For ages, the three main types of human society that has been: hunting-food gatherers, pastoral, and agricultural. Regarding the cults and rituals followed by the food gatherers and agrarian societies, the worship of the Mother Goddess was at the core of all their magico-religious beliefs. As per prehistoric thinking, women, who were also the first cultivators with their childbearing capabilities, would create a similar effect on the Earth’s vegetative powers leading to good harvests. The Earth Mother or the Mother Goddess was conceptualised from a human mother.
How perfect is our understanding for ages and ages! Devi, the Divine Female, revered by all as is revered a mother, is better and universally known as the Mother Goddess. Reverence for ‘mother’ is inherent in anyone born, a beast or a man, and is the first pious impulse in a child, which shapes the flesh into a human face. The first man, it seems, while contemplating the idea of the unseen Divine, looked at the beginning of the woman who bore him, the protective, caring, and loving mother, and discovered in her the ultimate ‘divinity’ and the manifest form of the unseen Divine. Devi, the Goddess, thus, transformed as mother and has been for ages the Mother Goddess.
While discussing this, we get an element of surprise as one learns the astonishing relationship between Science and Mythology. It is a scientific fact that we receive 50% nuclear DNA from the mother and the other 50% from the father. But we receive 100% mitochondrial DNA from the mother. And that that is very special.

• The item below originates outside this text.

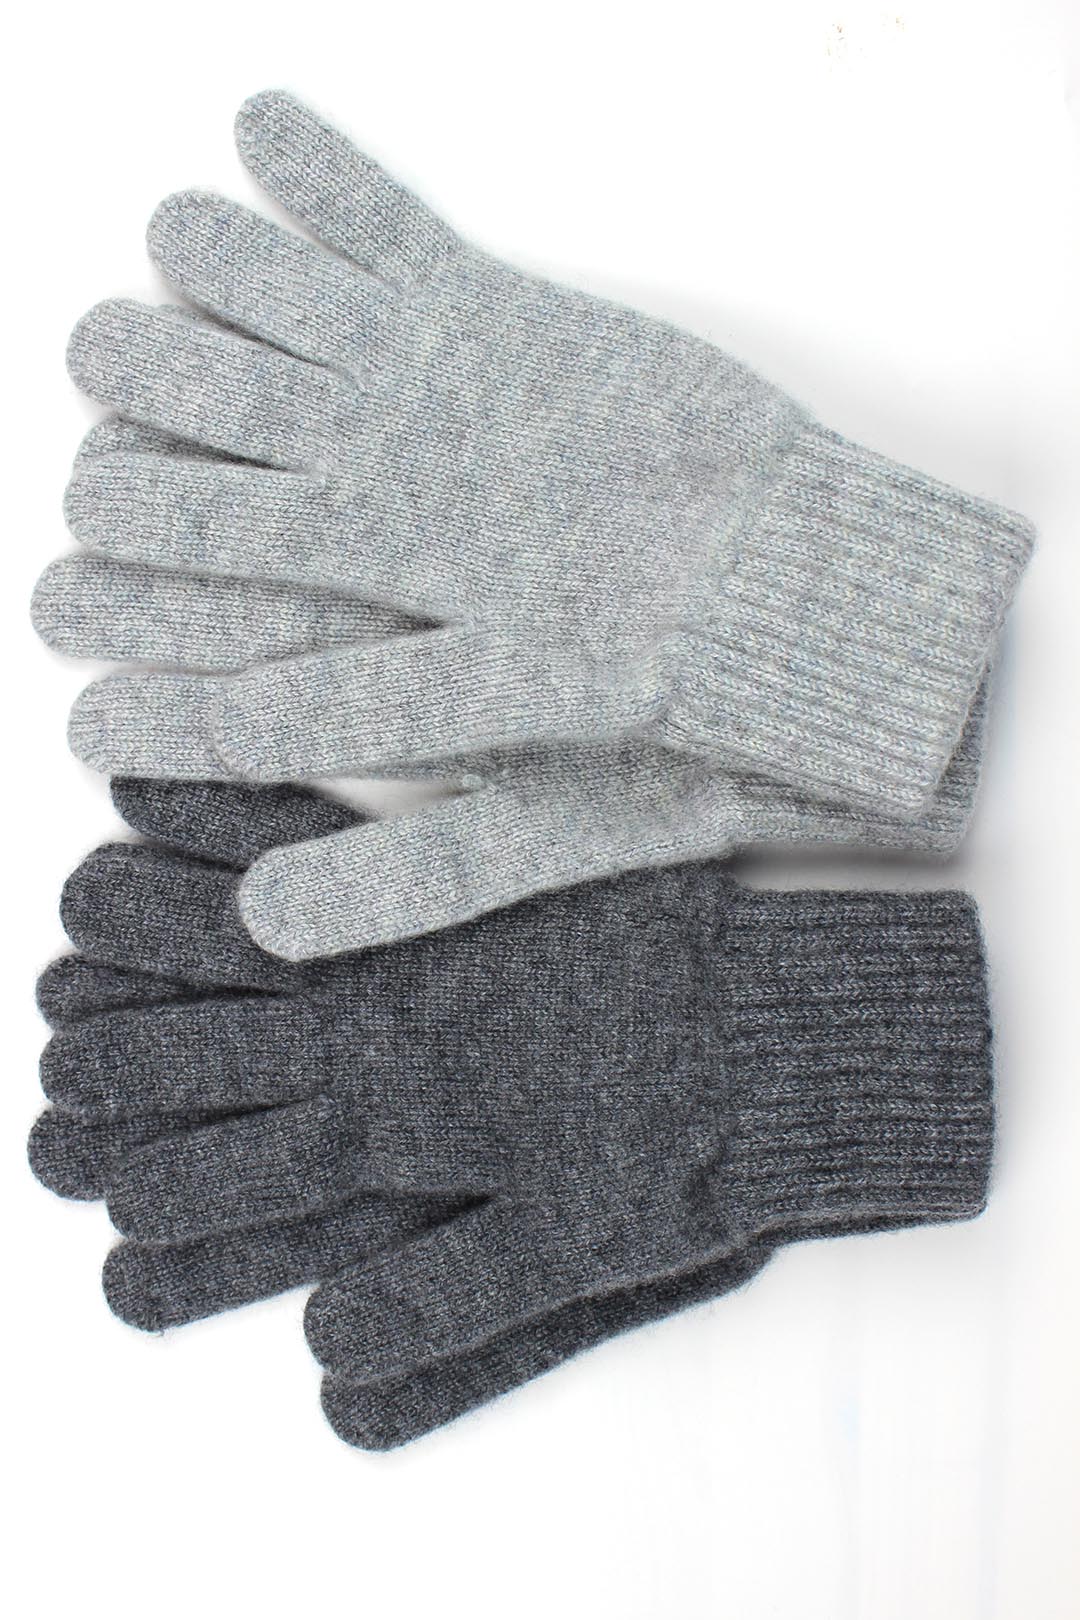 Cashmere gloves in greys. Knitted in the Scottish borders

Mitochondrial DNA is the small circular chromosome found inside mitochondria. These organelles found in cells have often been called the cell’s powerhouse. The mitochondria, and thus mitochondrial DNA, are passed almost exclusively from mother to offspring through the egg cell.
Mitochondria produce ATP. It is the energy currency of the biological system, which is subsequently used throughout the cell as a source of chemical energy. They were discovered by Albert von Kölliker, in 1857, in the voluntary muscles of insects. The mitochondrion is popularly nicknamed the “powerhouse of the cell”. In addition to supplying cellular energy, mitochondria are involved in other tasks, such as signalling, cellular differentiation, and cell death, as well as maintaining control of the cell cycle and growth.
For everything we do, we require ATP. It’s the source of energy for doing all activities. For example, when moving a hand, you consume billions of ATPs. Thus, one receives the Power (energy DNA) from his mother. A mother received it from her mother, and so on. And then a Mythology was created, God of Power is Mother, Adi Shakti.
Shakti is both Maya and Mahamaya. As Maya, she creates bondage, and as Mahamaya, she liberates. As Avidya-shakti, ignorance, she traps us; and as Vidya-shakti, Knowledge-giver, she frees us from these traps. She is famous as ten Mahavidyas and resides in fifty-one peeths, the holy places scattered all over the present-day countries, India, Sri Lanka, Bangladesh, Nepal, Tibet, Bhutan, and Pakistan, in different forms.
Mother promises to incarnate: “Whenever demons cause trouble, I will manifest myself and destroy the enemies,” she says in Chandi, Shakti’s fiery, destructive power.